# [What to do]
The answer should hold exactly the lines of the entries below from the one containing "Штанга для обработки" through the last line, both included.

(Dataset entries)
□ □ □ □ □
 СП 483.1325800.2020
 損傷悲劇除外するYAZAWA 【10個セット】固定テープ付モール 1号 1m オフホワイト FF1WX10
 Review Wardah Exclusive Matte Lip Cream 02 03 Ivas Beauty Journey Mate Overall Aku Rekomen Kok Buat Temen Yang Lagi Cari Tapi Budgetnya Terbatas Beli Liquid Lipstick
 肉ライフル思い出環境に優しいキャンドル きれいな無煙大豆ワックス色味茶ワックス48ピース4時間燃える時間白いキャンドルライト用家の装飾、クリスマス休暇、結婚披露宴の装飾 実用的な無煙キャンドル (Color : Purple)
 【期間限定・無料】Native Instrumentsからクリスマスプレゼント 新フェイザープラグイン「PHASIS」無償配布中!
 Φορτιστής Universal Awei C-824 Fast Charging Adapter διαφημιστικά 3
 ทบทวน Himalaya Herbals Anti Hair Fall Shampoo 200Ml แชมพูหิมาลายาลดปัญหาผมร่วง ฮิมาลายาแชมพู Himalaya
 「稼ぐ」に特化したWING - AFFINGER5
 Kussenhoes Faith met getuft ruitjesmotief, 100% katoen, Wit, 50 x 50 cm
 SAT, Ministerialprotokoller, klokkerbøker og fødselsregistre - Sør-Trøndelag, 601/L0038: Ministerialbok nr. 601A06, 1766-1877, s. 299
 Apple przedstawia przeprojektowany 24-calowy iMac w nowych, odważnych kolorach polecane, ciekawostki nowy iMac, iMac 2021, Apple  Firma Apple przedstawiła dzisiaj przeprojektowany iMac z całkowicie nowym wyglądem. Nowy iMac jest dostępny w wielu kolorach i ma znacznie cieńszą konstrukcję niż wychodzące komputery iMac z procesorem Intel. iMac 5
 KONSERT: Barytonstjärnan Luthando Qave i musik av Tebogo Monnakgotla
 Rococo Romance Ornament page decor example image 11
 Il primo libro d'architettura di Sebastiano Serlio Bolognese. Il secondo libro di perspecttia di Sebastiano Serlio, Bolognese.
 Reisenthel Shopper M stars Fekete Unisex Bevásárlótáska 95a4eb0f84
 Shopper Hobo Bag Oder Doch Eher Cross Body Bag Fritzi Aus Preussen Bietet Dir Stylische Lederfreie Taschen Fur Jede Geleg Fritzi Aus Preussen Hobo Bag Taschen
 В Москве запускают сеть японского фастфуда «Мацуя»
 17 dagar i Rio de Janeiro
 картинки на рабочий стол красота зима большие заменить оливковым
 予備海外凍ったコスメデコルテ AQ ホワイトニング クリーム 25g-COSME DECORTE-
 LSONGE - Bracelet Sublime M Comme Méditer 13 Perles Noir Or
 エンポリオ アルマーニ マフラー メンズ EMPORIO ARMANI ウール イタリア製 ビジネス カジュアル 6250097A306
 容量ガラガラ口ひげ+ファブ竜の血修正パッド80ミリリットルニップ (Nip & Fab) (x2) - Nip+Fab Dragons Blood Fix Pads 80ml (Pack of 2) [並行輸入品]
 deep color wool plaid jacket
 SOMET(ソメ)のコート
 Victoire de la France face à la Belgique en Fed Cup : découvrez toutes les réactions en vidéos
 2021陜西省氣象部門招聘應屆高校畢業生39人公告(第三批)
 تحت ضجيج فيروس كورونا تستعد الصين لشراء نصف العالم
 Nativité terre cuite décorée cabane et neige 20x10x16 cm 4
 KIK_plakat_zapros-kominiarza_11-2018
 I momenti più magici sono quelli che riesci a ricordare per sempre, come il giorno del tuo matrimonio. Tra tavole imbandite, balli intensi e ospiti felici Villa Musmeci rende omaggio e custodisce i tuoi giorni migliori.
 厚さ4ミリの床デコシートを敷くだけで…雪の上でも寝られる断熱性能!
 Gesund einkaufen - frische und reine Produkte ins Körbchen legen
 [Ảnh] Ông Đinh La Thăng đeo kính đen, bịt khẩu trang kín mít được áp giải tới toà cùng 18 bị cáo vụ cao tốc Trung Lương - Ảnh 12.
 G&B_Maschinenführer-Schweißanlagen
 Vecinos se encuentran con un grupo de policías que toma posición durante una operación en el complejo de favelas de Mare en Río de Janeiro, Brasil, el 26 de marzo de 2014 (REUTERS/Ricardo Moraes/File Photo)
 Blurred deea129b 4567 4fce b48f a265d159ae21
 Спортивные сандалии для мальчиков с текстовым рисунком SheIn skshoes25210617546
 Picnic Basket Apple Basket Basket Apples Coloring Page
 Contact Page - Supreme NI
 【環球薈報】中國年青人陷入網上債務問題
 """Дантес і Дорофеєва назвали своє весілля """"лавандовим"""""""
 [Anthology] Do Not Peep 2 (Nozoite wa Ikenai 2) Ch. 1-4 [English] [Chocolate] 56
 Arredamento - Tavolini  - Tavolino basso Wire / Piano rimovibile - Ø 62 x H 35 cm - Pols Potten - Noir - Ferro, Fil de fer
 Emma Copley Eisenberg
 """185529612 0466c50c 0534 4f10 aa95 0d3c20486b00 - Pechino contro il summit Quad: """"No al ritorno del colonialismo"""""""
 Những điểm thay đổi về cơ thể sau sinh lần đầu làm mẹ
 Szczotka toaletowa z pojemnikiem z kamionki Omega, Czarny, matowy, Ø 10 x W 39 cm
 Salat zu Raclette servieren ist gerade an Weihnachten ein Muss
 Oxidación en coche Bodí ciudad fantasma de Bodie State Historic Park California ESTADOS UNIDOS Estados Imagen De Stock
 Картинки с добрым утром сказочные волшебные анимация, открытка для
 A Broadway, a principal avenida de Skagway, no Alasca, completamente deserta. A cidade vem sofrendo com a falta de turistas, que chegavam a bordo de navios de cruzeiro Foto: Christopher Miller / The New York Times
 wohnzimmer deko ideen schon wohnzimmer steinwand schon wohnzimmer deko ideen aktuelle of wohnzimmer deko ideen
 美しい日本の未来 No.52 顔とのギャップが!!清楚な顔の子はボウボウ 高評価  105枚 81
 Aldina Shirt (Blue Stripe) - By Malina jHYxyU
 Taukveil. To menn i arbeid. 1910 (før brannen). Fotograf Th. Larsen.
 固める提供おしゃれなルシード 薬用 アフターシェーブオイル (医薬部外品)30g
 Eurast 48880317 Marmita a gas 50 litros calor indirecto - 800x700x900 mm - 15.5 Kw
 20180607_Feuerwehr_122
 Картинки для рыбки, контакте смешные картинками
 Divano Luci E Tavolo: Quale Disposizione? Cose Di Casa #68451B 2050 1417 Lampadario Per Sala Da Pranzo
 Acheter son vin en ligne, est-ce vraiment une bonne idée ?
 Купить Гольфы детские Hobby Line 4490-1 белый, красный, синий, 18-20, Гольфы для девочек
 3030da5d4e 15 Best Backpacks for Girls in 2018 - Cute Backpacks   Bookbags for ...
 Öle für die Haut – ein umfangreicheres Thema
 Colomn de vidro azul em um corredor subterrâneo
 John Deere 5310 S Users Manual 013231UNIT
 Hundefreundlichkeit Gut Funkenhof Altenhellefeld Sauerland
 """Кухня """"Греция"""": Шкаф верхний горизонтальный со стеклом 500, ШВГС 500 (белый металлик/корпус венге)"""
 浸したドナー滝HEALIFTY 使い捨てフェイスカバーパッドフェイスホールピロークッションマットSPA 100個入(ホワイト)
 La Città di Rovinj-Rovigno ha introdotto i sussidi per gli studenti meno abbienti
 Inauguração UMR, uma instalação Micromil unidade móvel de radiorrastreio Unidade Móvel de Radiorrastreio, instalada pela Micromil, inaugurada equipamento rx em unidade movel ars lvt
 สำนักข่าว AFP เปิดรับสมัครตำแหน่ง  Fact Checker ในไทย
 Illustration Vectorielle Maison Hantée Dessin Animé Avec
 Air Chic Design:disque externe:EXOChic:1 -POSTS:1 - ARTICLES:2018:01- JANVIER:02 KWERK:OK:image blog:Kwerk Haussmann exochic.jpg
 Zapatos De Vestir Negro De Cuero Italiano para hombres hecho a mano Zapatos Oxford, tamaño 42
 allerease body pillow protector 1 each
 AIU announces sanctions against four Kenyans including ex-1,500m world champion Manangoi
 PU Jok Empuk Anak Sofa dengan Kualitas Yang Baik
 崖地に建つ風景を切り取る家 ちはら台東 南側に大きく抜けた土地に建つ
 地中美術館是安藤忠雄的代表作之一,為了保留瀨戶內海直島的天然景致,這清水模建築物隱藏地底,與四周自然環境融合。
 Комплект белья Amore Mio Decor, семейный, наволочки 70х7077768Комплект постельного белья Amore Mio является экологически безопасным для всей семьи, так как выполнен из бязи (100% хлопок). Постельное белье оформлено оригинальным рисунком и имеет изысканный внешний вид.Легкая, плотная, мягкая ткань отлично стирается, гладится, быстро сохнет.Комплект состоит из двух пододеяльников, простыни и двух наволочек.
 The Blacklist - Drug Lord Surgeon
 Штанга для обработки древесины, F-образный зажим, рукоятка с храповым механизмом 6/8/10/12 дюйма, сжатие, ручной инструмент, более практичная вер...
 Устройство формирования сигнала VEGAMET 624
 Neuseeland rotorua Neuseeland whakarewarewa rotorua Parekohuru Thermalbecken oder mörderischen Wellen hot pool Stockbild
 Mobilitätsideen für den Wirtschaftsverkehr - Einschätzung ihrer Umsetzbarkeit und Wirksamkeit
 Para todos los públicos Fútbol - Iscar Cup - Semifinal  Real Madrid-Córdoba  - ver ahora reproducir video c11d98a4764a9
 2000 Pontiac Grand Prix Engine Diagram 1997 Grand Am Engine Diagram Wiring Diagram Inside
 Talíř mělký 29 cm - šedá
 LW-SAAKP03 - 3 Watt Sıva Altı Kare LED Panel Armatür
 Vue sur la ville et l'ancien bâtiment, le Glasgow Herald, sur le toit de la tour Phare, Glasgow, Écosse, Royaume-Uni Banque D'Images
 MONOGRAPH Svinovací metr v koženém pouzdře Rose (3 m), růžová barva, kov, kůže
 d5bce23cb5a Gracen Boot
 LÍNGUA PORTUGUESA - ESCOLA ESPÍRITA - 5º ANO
□ □ □ □ □
# [Answer to this problem]
 Штанга для обработки древесины, F-образный зажим, рукоятка с храповым механизмом 6/8/10/12 дюйма, сжатие, ручной инструмент, более практичная вер...
 Устройство формирования сигнала VEGAMET 624
 Neuseeland rotorua Neuseeland whakarewarewa rotorua Parekohuru Thermalbecken oder mörderischen Wellen hot pool Stockbild
 Mobilitätsideen für den Wirtschaftsverkehr - Einschätzung ihrer Umsetzbarkeit und Wirksamkeit
 Para todos los públicos Fútbol - Iscar Cup - Semifinal  Real Madrid-Córdoba  - ver ahora reproducir video c11d98a4764a9
 2000 Pontiac Grand Prix Engine Diagram 1997 Grand Am Engine Diagram Wiring Diagram Inside
 Talíř mělký 29 cm - šedá
 LW-SAAKP03 - 3 Watt Sıva Altı Kare LED Panel Armatür
 Vue sur la ville et l'ancien bâtiment, le Glasgow Herald, sur le toit de la tour Phare, Glasgow, Écosse, Royaume-Uni Banque D'Images
 MONOGRAPH Svinovací metr v koženém pouzdře Rose (3 m), růžová barva, kov, kůže
 d5bce23cb5a Gracen Boot
 LÍNGUA PORTUGUESA - ESCOLA ESPÍRITA - 5º ANO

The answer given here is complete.